Would I partake of the forbidden “fruit” of self-pity by allowing my feelings to overwhelm me? Or would I choose to let it pass me by? Fortunately, for my sake and for my family’s sake, I chose to go along with the tune, which God had given to me. The tune, you see, was the “way out.” You see, when Satan is there ready to place the bait, so too is God there providing all that we need to stay clear of that bait. “No temptation has overtaken you but such as is common to man, and God is faithful and will not allow you to be tempted beyond what you are able to bear, but with that temptation, provide a way of escape!” (1 Corinthians 10:13).
Soon, I was even feeling better (emotionally, and, yes, even physically, too!) as I began to carry out my God-given responsibilities.
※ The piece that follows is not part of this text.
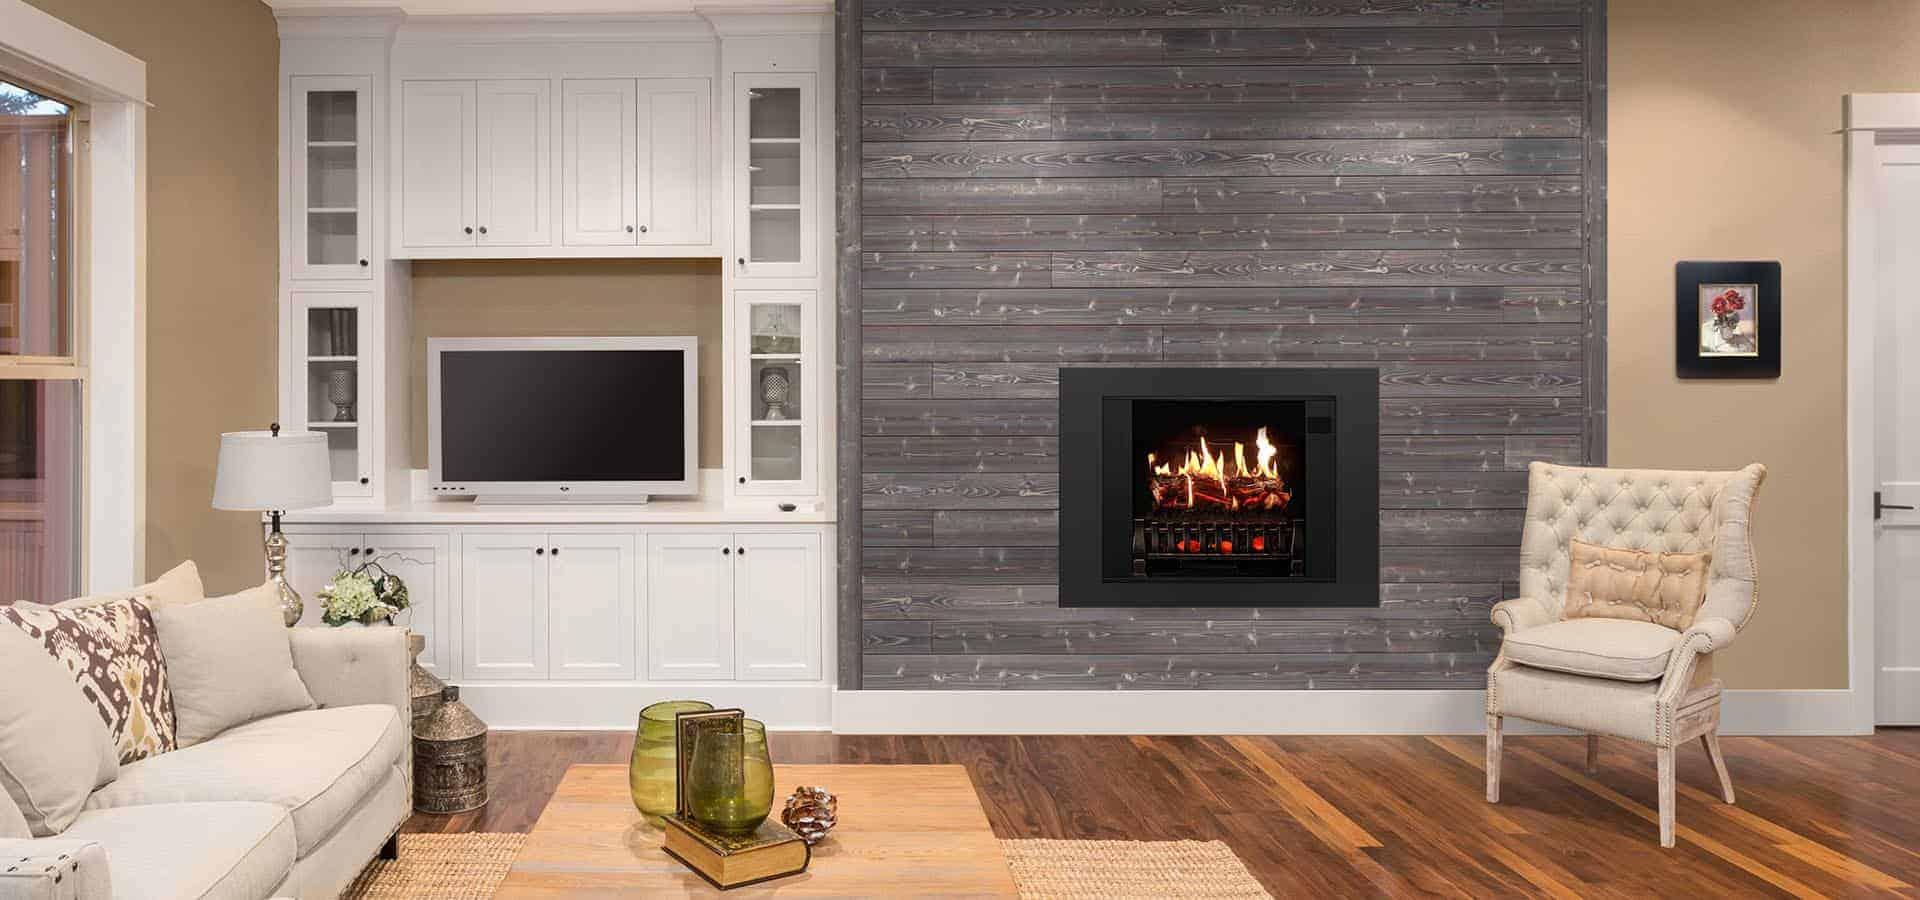 fireplace 2021

Much to my surprise, in fact, a great sense of joy began to come over me, filling my soul. The Holy Spirit was at work in all of this. Evidently, if one were to examine the situation closely, I think he or she would have to conclude that He (God) was the One who was testing me that day. Would I be faithful or not? For God, it seems that this was a good time to see. Fortunately, I passed the test.
It seems that during that evening, someone (God) was watching over me to help me “do the good,” and “turn away from the wrong,” as it were. Being a Christian, I am convinced that it was God who was helping me. It was He who sent that song to help carry me through my time of difficulty.
Yes, God is a good God. As it says in the Scriptures, He is a God who tests the hearts and minds of men and women, so that He can reward them according to their conduct. “I the Lord search the heart and examine the mind, to reward a man according to his conduct, according to what his deeds deserve”. (Jeremiah 17:10). Should it then surprise us that these trials do come along? James says that we should count it all joy when we undergo these tests. (James 1:1).
Perhaps today, you are finding yourself in the midst of a certain situation in which you are tempted to flee, like I myself was at that time. Perhaps you even feel overwhelmed by arthritic pain (or perhaps, like with myself at the time, it is a desire to feel sorry for yourself!). I myself have learned that the easy way (running from your present responsibilities) is not necessarily the easy way in the end!